Based on prior knowledge, let's analyze the relationship between the feature "Age" and the task of determining if the coronary angiography of a patient shows a heart disease.

In general, age can be a significant factor in the development of heart diseases. As individuals age, there is an increased risk of developing various cardiac conditions due to factors such as accumulation of risk factors, degenerative changes in the cardiovascular system, and lifestyle factors. However, it is crucial to note that age alone cannot definitively determine the presence or absence of a heart disease; it is just one of many factors considered during diagnosis.

To complete the analysis, we need more specific information about the relationship between age and heart disease in the dataset or relevant medical research studies. Without this information, we can't make any specific conclusions about the correlation between age and a patient's coronary angiography accurately.
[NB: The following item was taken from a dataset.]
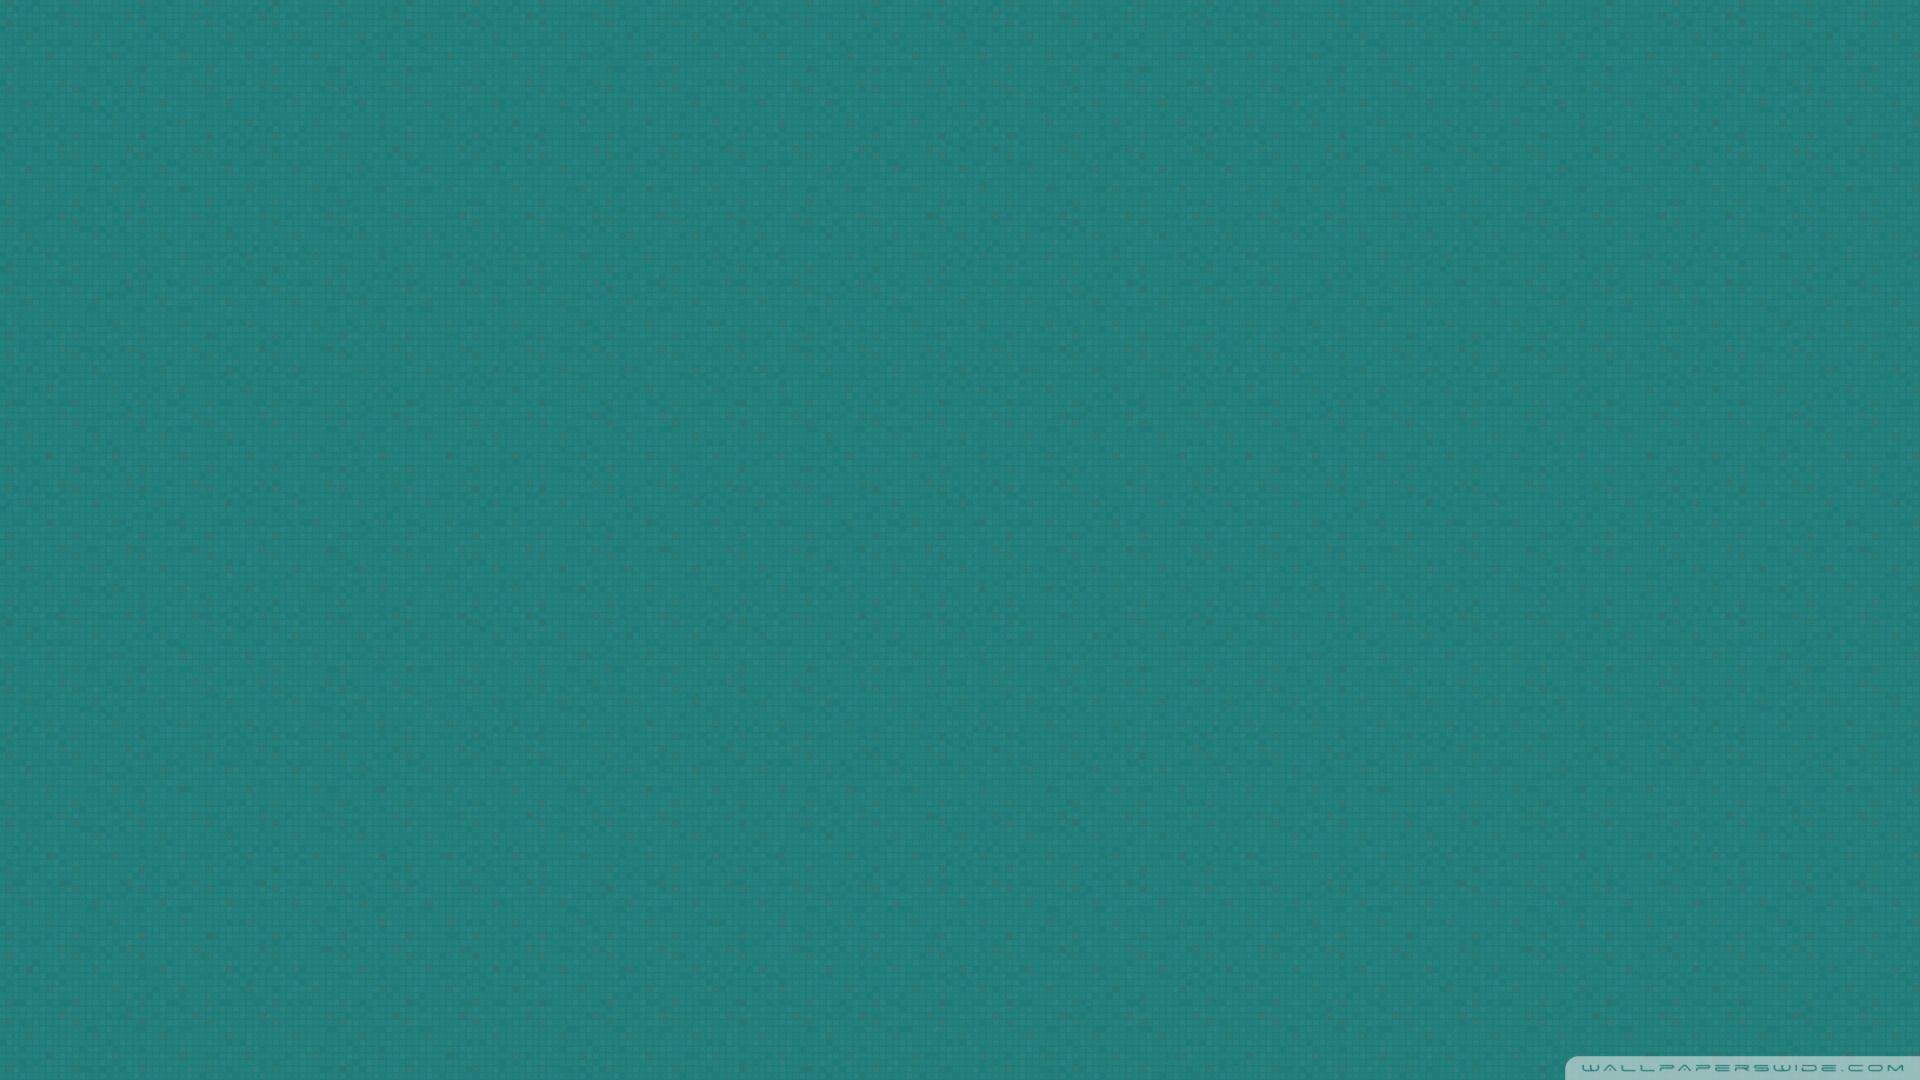 Aqua Colored Wallpaper - WallpaperSafari

Nevertheless, let's assume that we have a dataset available with information on patients' ages and whether or not they have heart disease. Based on this dataset, we can generate a dictionary with sample values for the age feature for each target class:

```json
{
  "no": [45.2, 47.9, 51.3, 56.8, 60.5],
  "yes": [61.1, 64.6, 67.2, 70.9, 72.4]
}
```

Please note that these values are hypothetical examples and do not represent actual data. The purpose is to demonstrate the format and structure of the dictionary requested, assuming we have access to real-world data. In practice, more comprehensive analysis and investigation would be necessary to determine the relationship between age and the presence of heart disease accurately.